Cardiometabolic Effects of Non-Nutritive Sweeteners (NNS) in Type 1 Diabetes (T1D)

The Cardiometabolic Impact of Non-Nutritive Sweeteners in Young Adults With Type 1 Diabetes

This project will apply a novel non-nutritive sweetener (NNS) dietary assessment tool with measurement of circulating NNS levels in a pediatric population, allowing correlation of NNS exposure to clinically meaningful cardiometabolic health outcomes.

Study Overview

• Status: Not yet recruiting
• Conditions: Type 1 Diabetes; Type 1 Diabetes Mellitus; type1diabetes; Non-Nutritive Sweetener
• Intervention / Treatment: Dietary supplement: Cherry Sports Drink

Detailed Description

The purpose of this project is to learn how NNS affects the health of the blood vessels.

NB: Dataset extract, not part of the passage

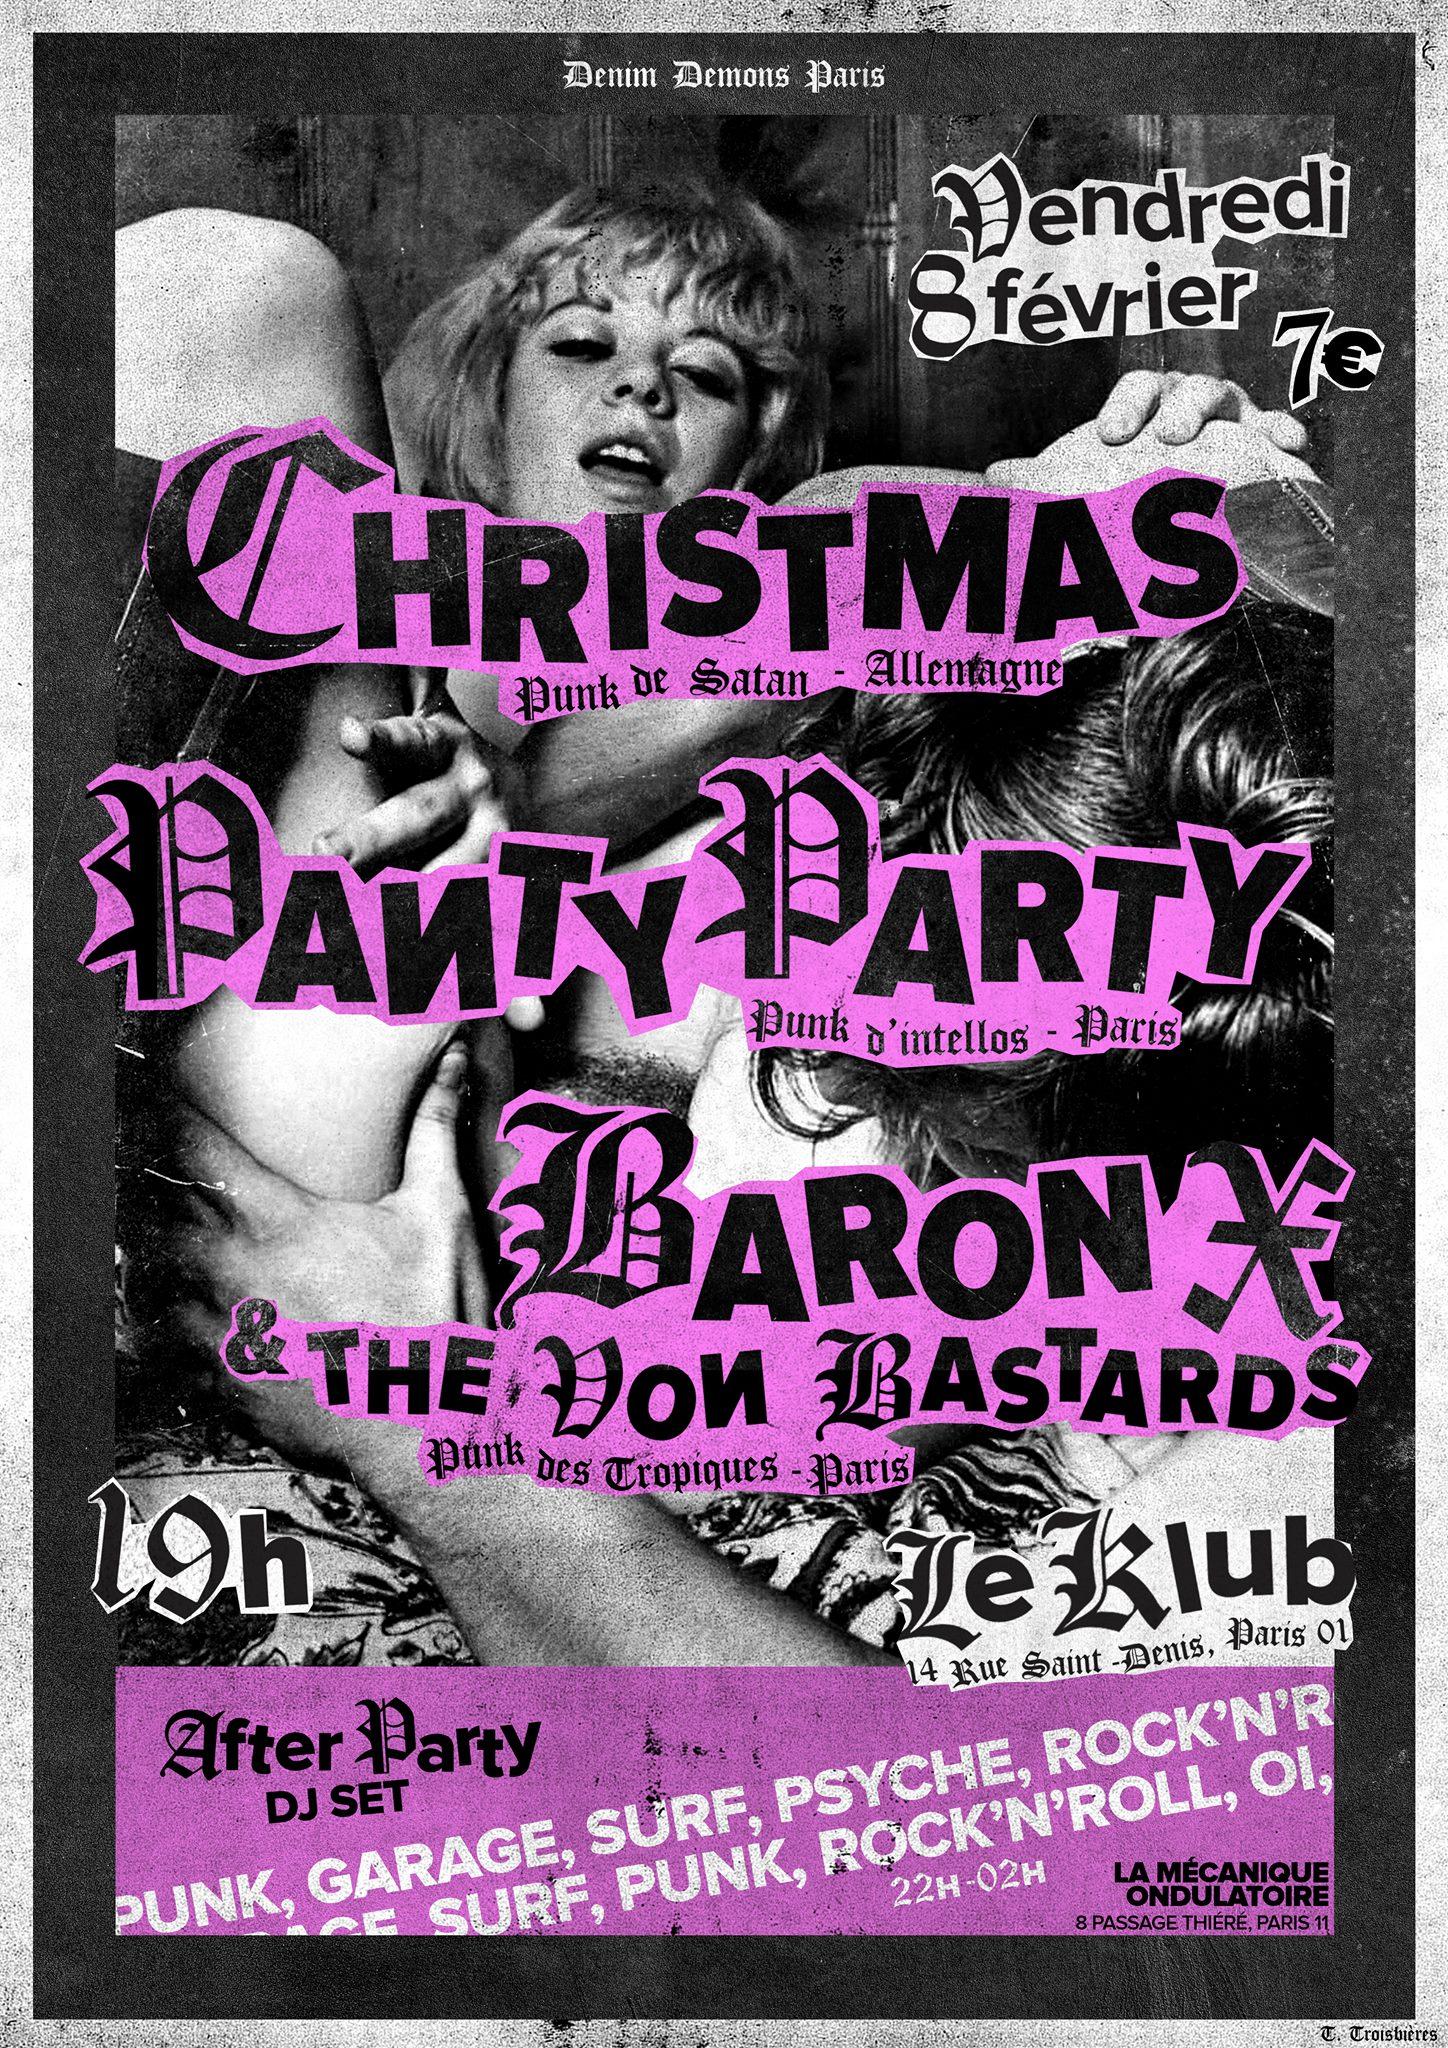 CHRISTMAS + PANTY PARTY + Baron X & the Von Bastards ■ 08.02

Type 1 diabetes (T1D) is an autoimmune disease that requires lifelong dependence on prescribed insulin. Scientists know that if an individual has T1D, they are at greater risk of having cardiovascular disease than people who do not have diabetes.

To help manage diabetes, individuals may talk with their doctor about adjusting what they normally eat or drink. Doctors typically ask that individuals avoid foods and drinks with lots of sugar in them. In response to this, individuals might drink diet drinks or eat snacks or other foods that are sugar-free. Sugar-free drinks and foods have NNS which help things taste sweet without impacting their blood glucose.

Concern exists that consuming NNS may make individuals more at risk for developing cardiovascular disease. Although the American Heart Association advises against long-term NNS consumption, about 20% of all beverages consumed by children contain NNS.

Currently, there are no scientifically backed questionnaires to assess how much NNS someone is consuming. As well, there are no commercially available lab tests to determine how much NNS is in someone's blood. This makes it difficult to draw associations or causal relationships between NNS exposure and health outcomes.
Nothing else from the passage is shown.